■ WHAT TO PRODUCE: Output the data below exactly, images excluded.

■ INFORMATION SUPPLIED:
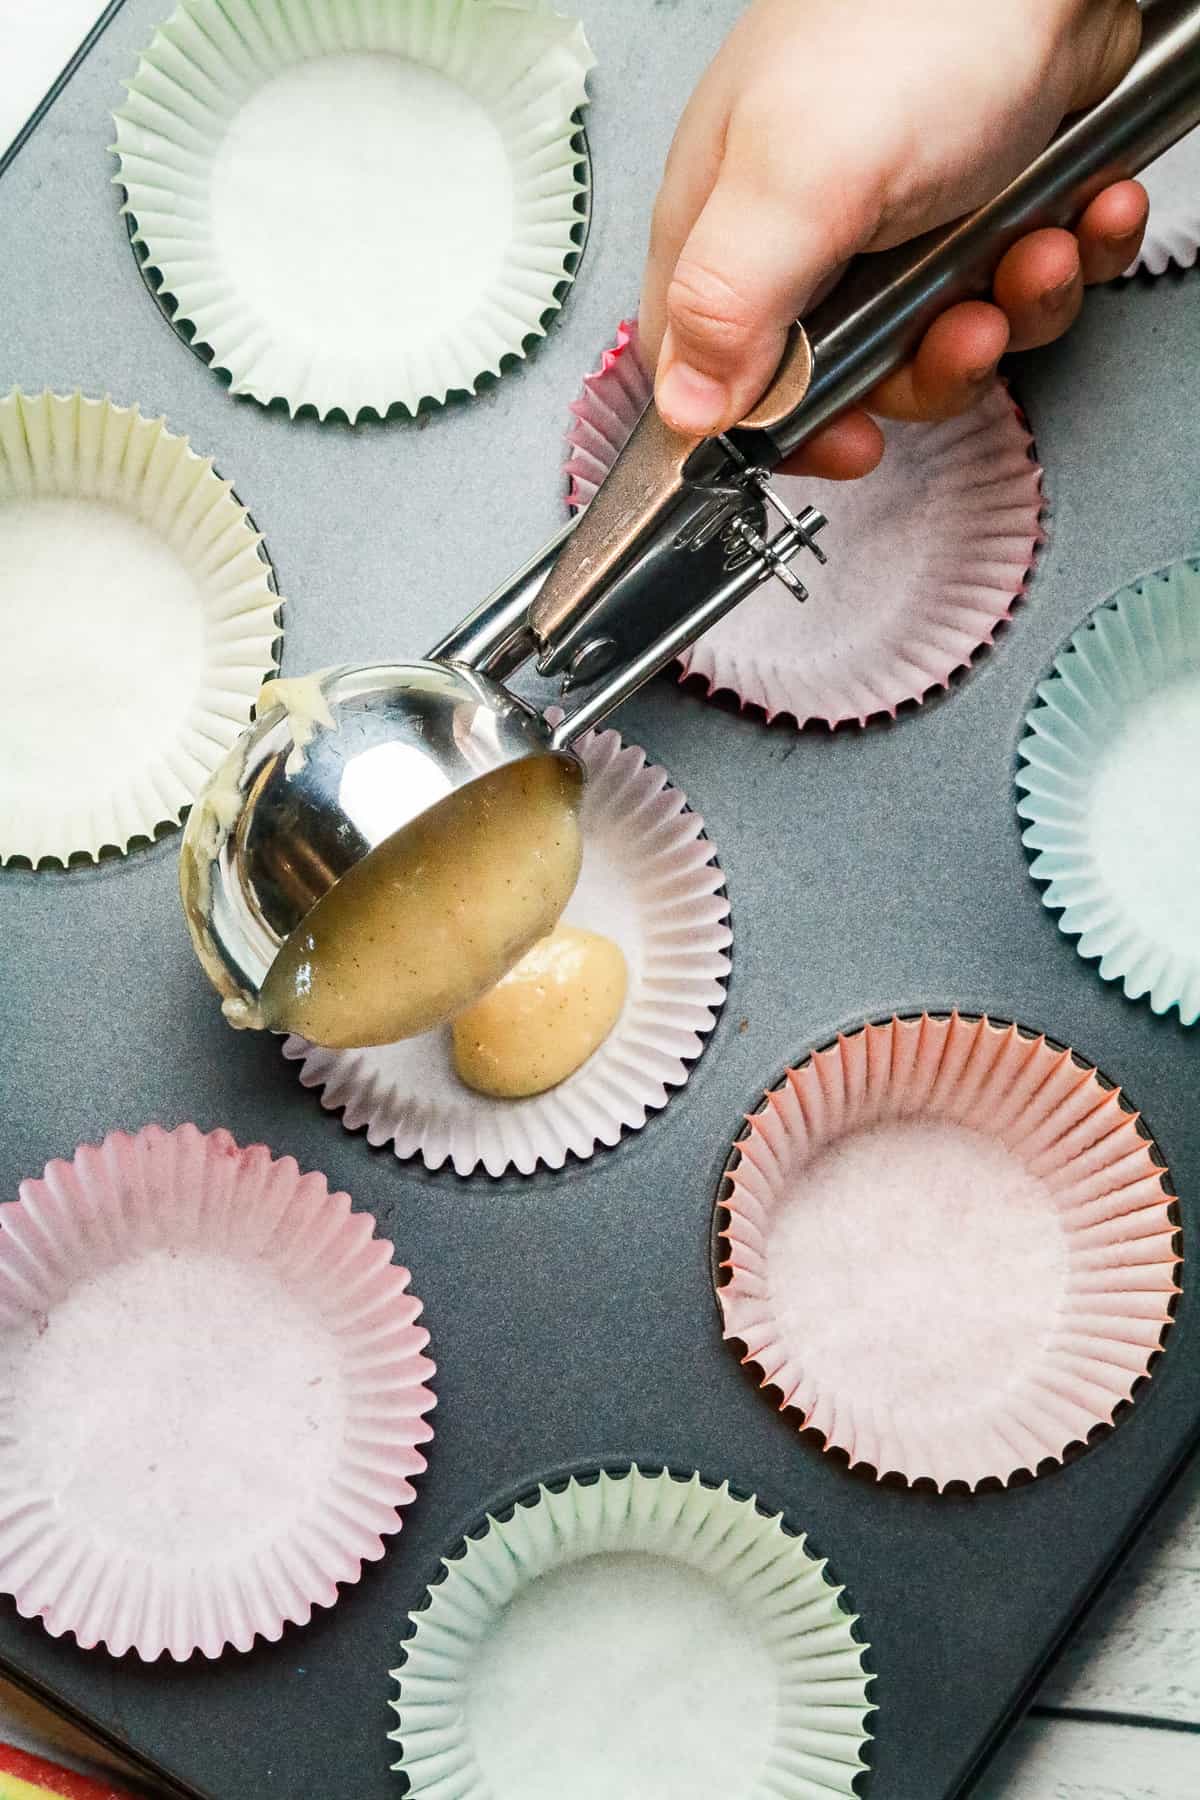 Using a large ice cream scoop filled ¾ of the way full, pour into the cupcake liner.
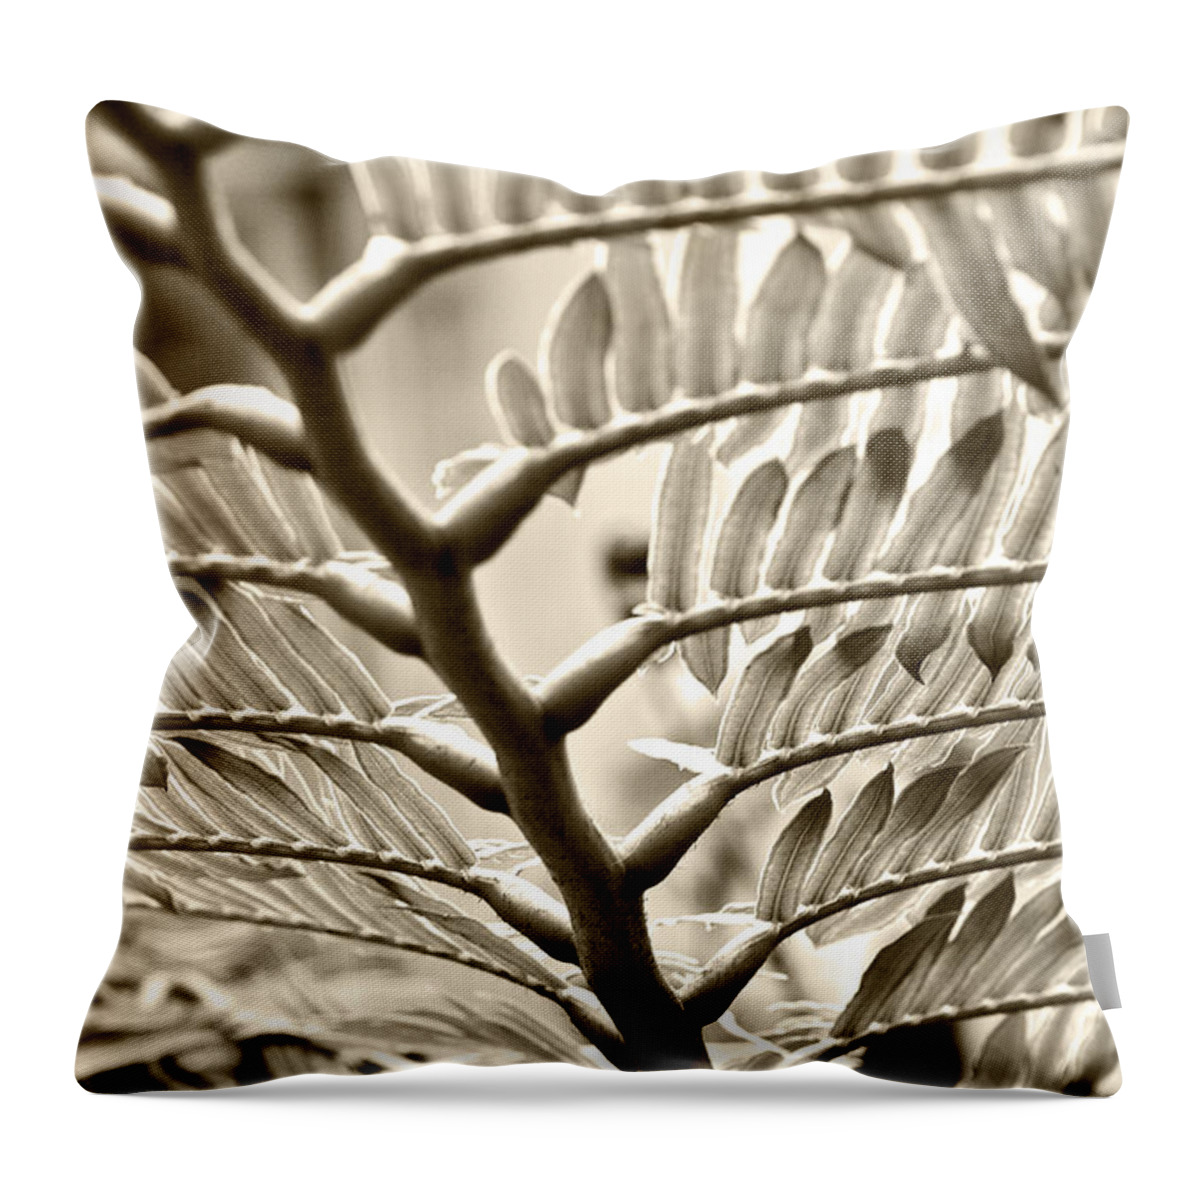 Botanical Throw Pillow featuring the photograph Translucidity by Melinda Ledsome
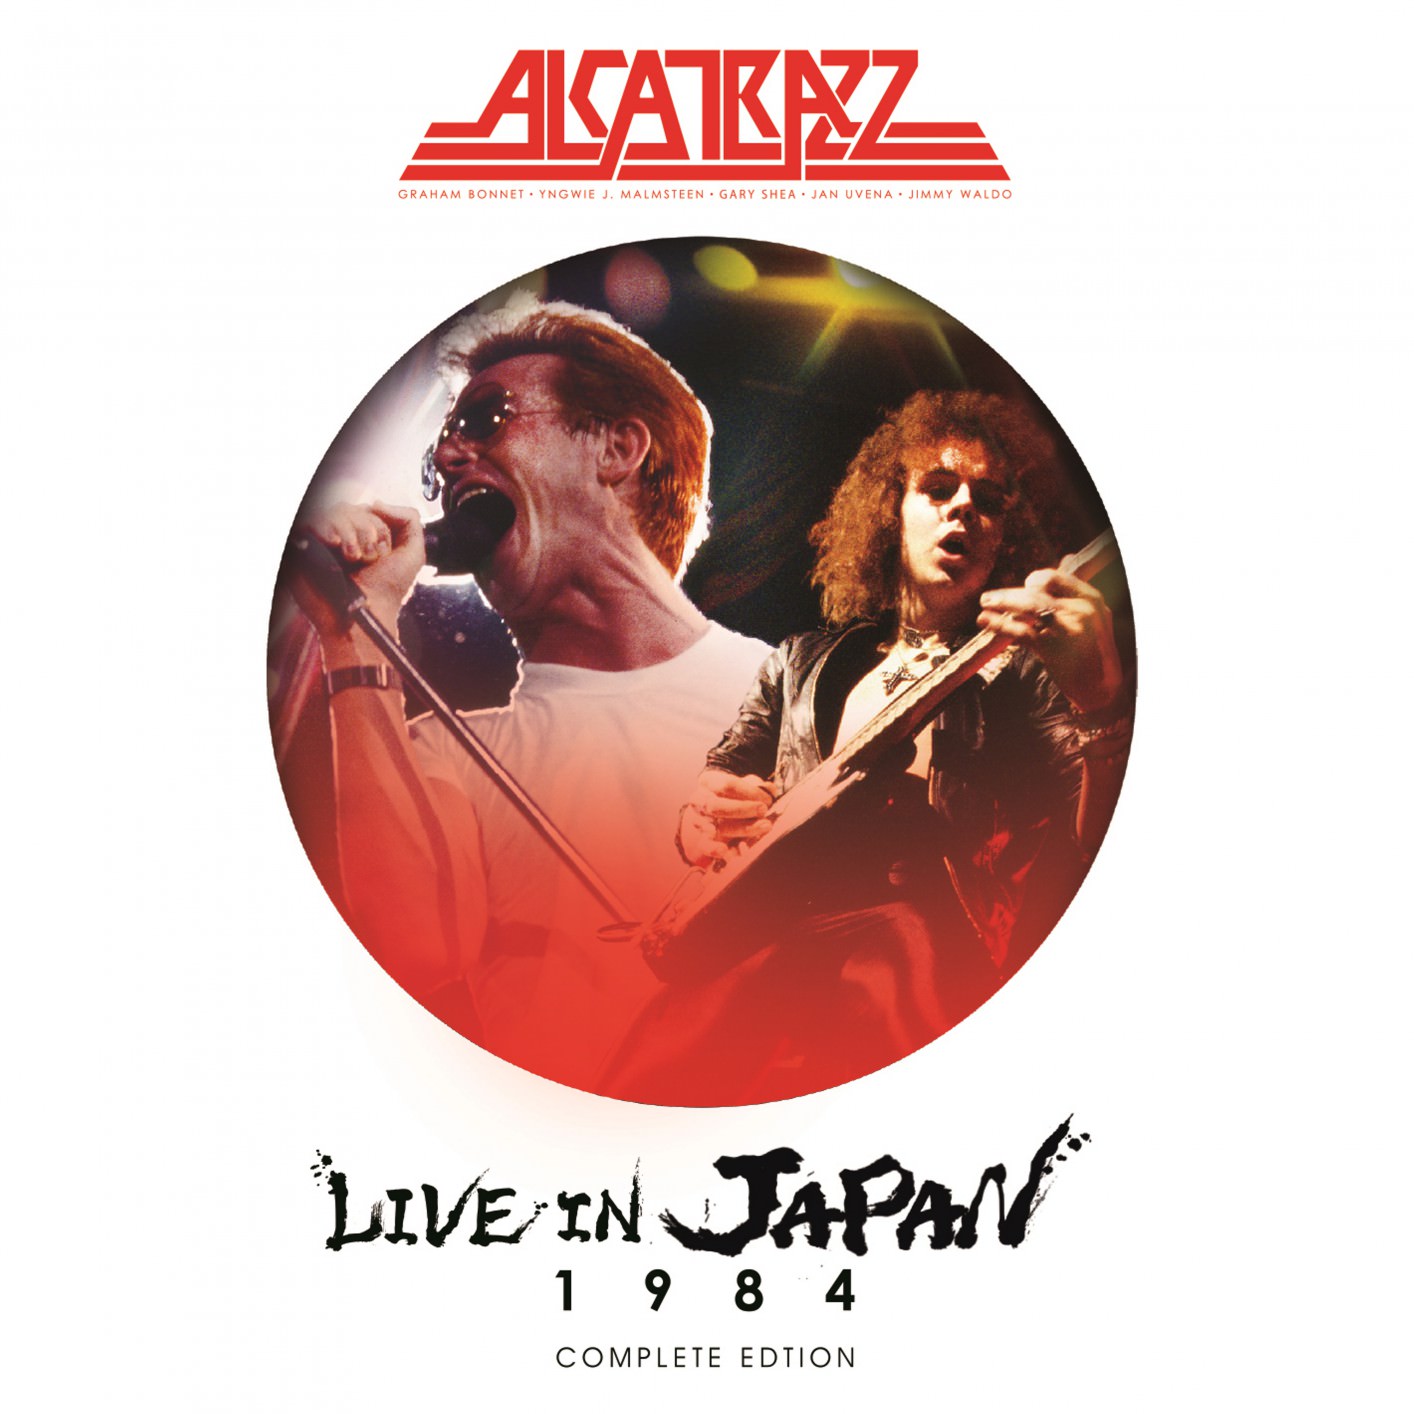 Alcatrazz – Live in Japan 1984 – Complete Edition (2018) [FLAC 24bit/96kHz]
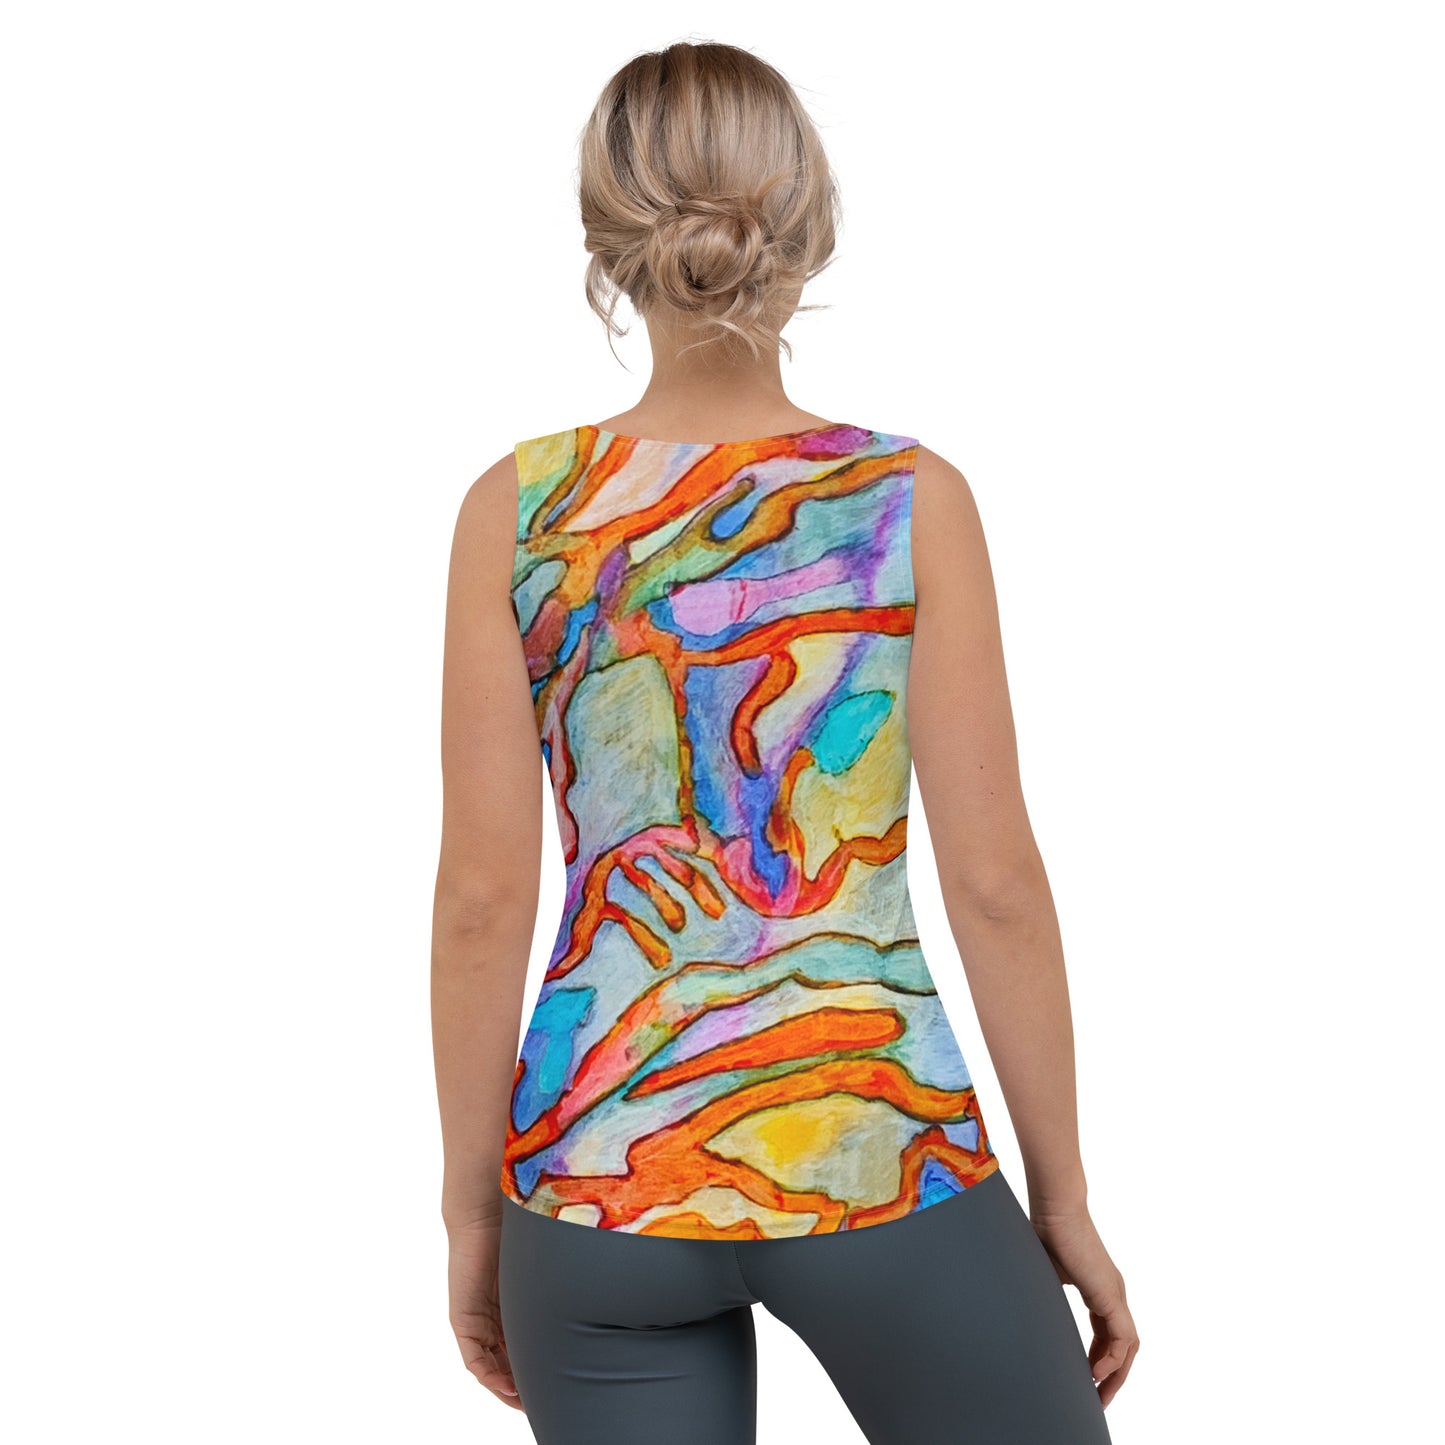 Coral Reef Abstract Tank Top - Art Love Decor

■ SOLUTION TO THE PROBLEM:
 Using a large ice cream scoop filled ¾ of the way full, pour into the cupcake liner.
 Botanical Throw Pillow featuring the photograph Translucidity by Melinda Ledsome
 Alcatrazz – Live in Japan 1984 – Complete Edition (2018) [FLAC 24bit/96kHz]
 Coral Reef Abstract Tank Top - Art Love Decor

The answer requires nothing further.